The proliferation of autonomous vehicles (AVs) emphasises the pressing need to navigate challenging road networks riddled with anomalies like unapproved speed bumps, potholes, and other hazardous conditions, particularly in low- and middle-income countries. These anomalies not only contribute to driving stress, vehicle damage, and financial implications for users but also elevate the risk of accidents. A significant hurdle for AV deployment is the vehicle’s environmental awareness and the capacity to localise effectively without excessive dependence on pre-defined maps in dynamically evolving contexts.

  • autonomous vehicles
  • deep learning
  • road anomaly detection
  • visual SLAM

1. Road Anomaly Detection

1.1. Traditional-Based Methods

Road surface characterisation involves identifying unique features of the road infrastructure.

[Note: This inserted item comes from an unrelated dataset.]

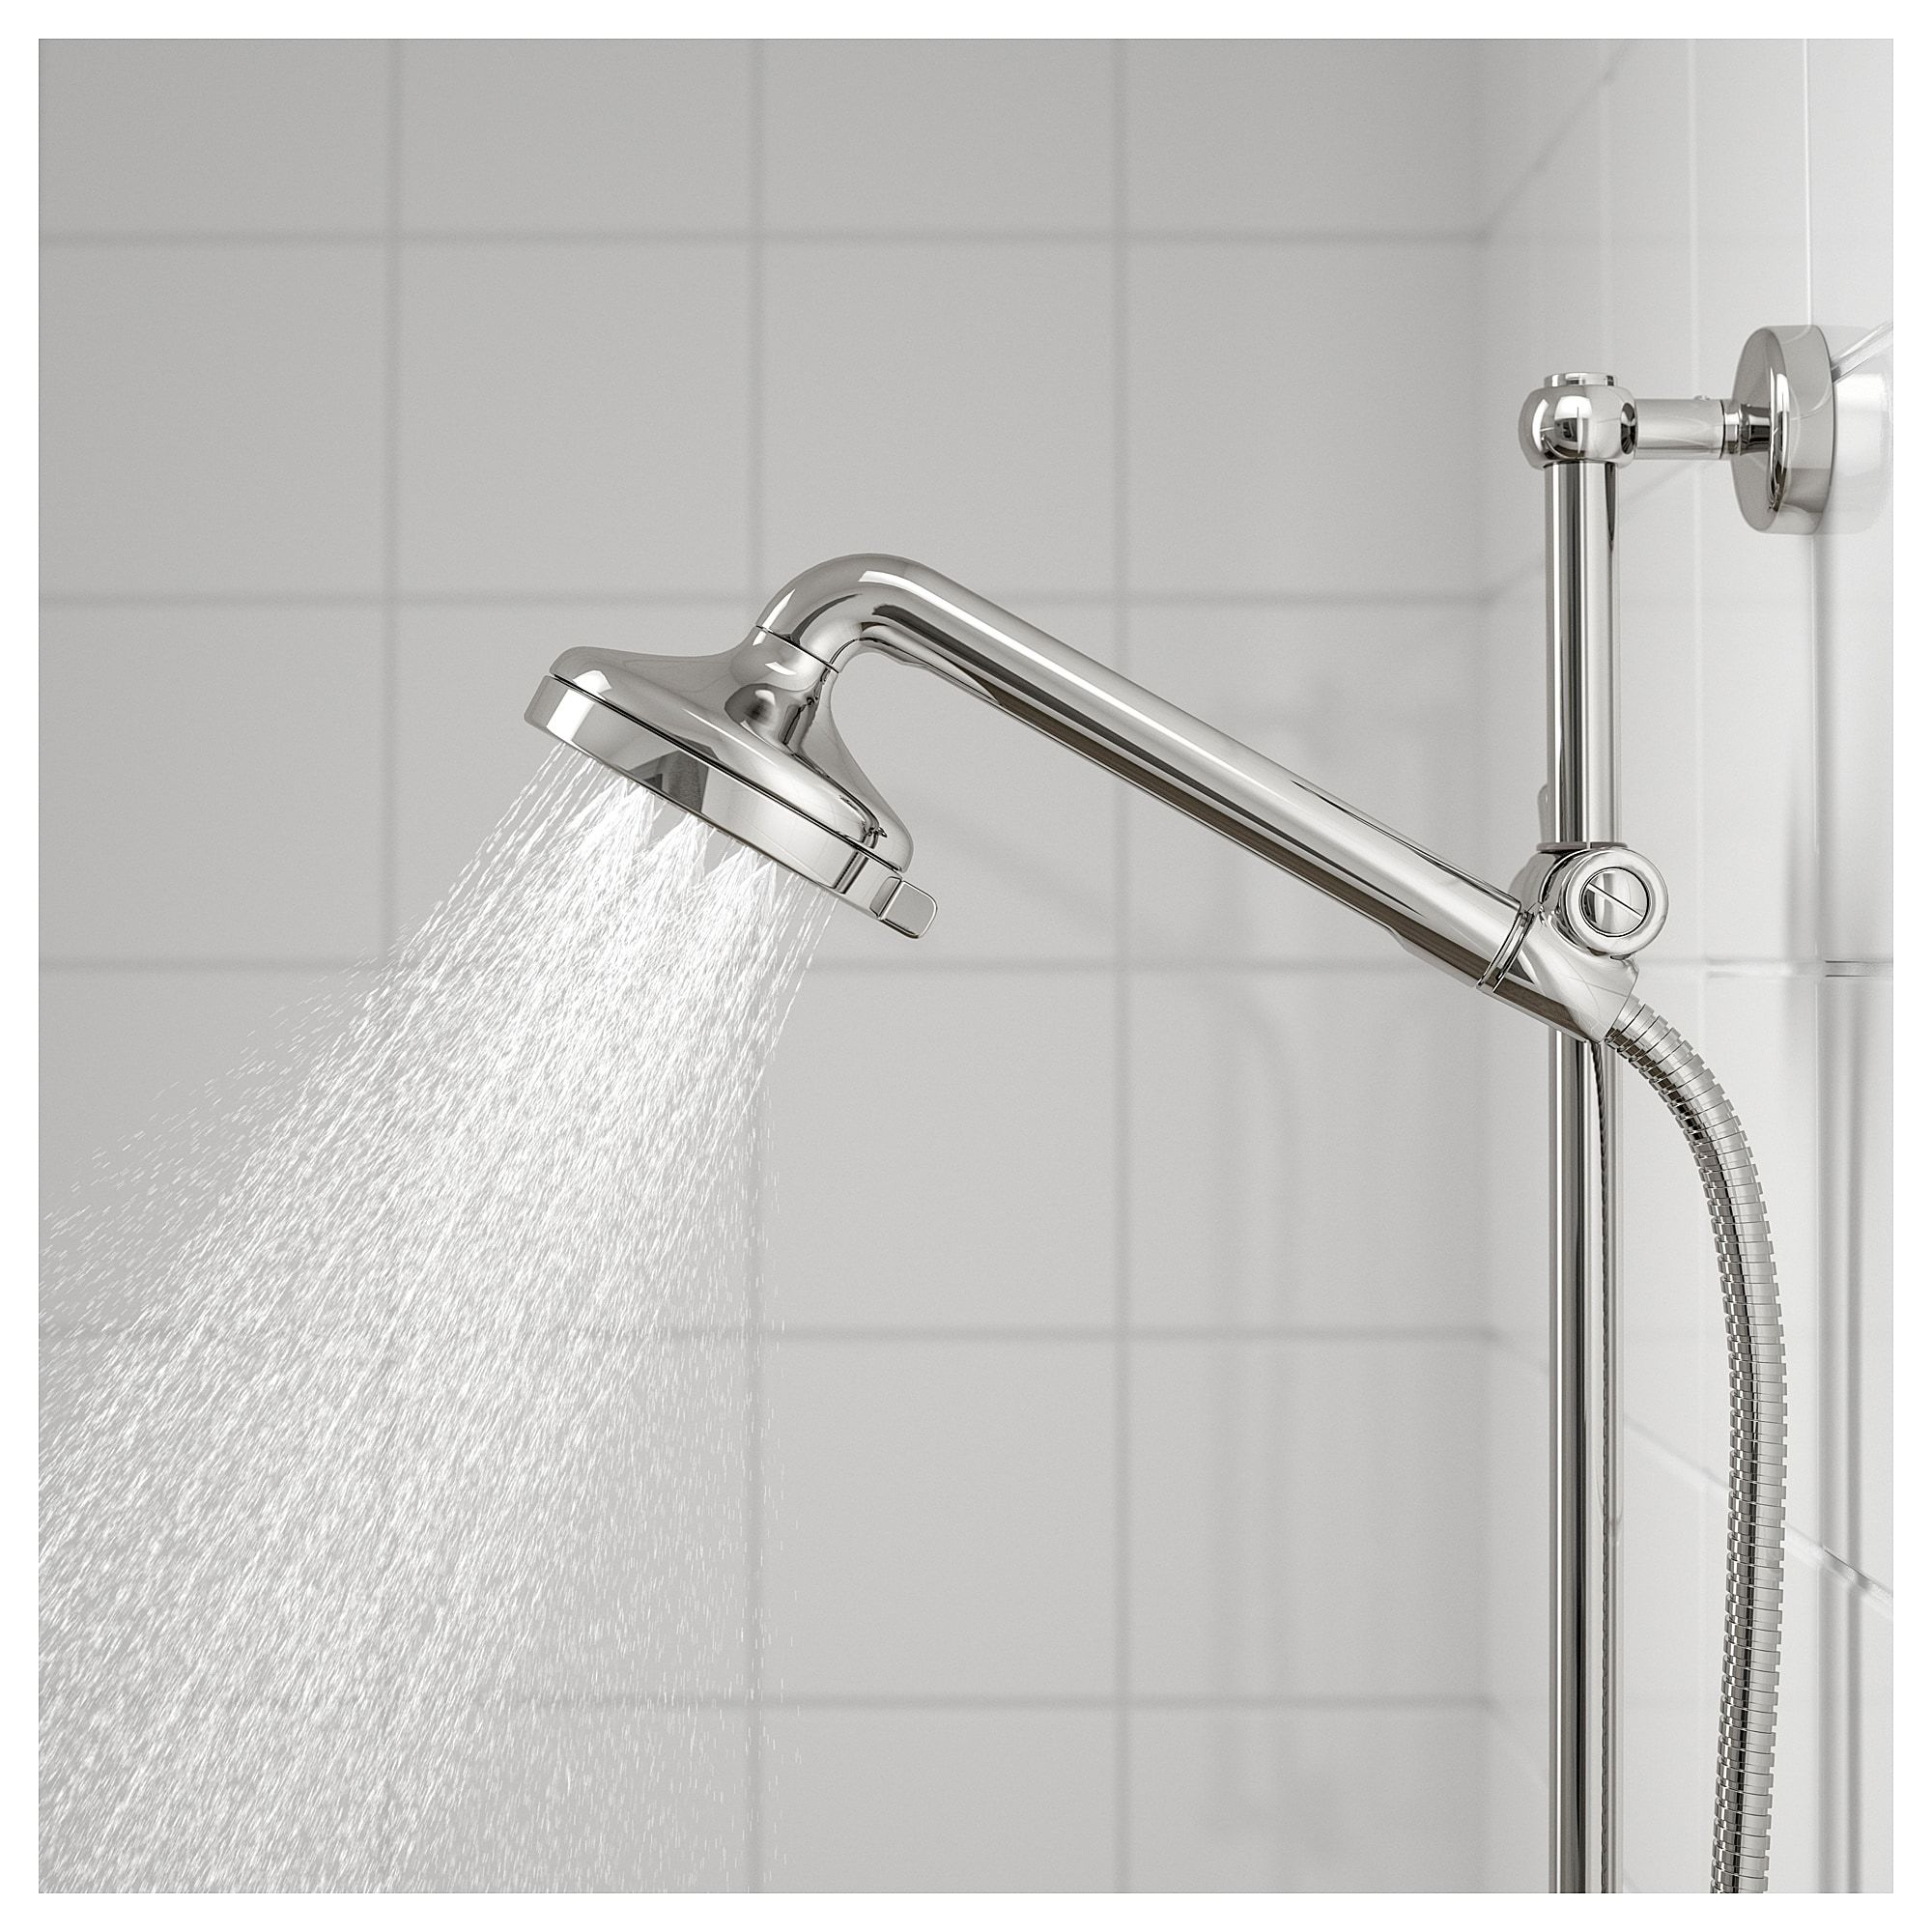 VOXNAN 5spray hand shower chrome plated Hand shower

This process also involves identifying instances that deviate from the standard road setting. In real-world applications, these road anomalies include potholes, cracks, swellings, stripping, and unmarked speed bumps [9]. The detection and avoidance of these anomalies is crucial since late detection can lead to vehicle damage or road accidents. Therefore, it is pertinent that an intelligent transportation scheme is able to identify not only the presence of anomalies on the road but also their location on the road [20]. These actions will aid transport authorities to obtain real-time information about the road infrastructure, enable a vehicle to manoeuvre these anomalies via a suitable control or navigation method, and facilitate the incorporation of the model into a relevant visual odometry technique.
In the literature, several methods have been implemented in the detection of road anomalies. One of these techniques is the use of sensor data for anomaly identification. In this case, the vehicle utilises sensors such as accelerometers, gyroscopes, lidar, ultrasonic, and radar sensors to perceive their environments and to detect road anomalies. In some cases, these sensors are combined or fused to utilise different sensor readings for more accurate results.
In [21], an application based on crowd sensing was designed for detecting the condition of roads. The technology estimates the position of potholes and speed bumps using acceleration data from road users’ cell phones. The program, dubbed CRATER, has a 95% and 90% success rate of respectively detecting speed bumps and potholes. However, the program had a 5% false detection rate for speed bumps and 10% for potholes.
For the detection of speed bumps and the lowering of vehicle speed, an intelligent system based on smartphone technology was devised in [22]. The device detects speed bumps with a gravity sensor, and the third equation of motion was used for speed reduction. Data were collected using crowdsourcing and a variety of vehicles. Although the system produced good results, constraints connected with this study include the lack of consideration of the width and depth of potholes and speed bumps.
In [23], using vehicle driving noise, a non-compression auto-encoder was used for identifying road surface anomalies. The authors suggested the non-compression auto-encoder (NCAE) deep learning-based anomaly detection platform, which was cost-effective and operated in real time. Through convolutional operations, the developed platform can predict backward and forward time-series causality data. Furthermore, the architecture outperforms the compared anomaly detection methods in the aspect of the Area Under Receiver Operating Characteristic Curve (AUROC). When compared to vision-based approaches, the high cost and complexity of gathering sensor data is difficult. This strategy also makes determining the type of anomaly challenging.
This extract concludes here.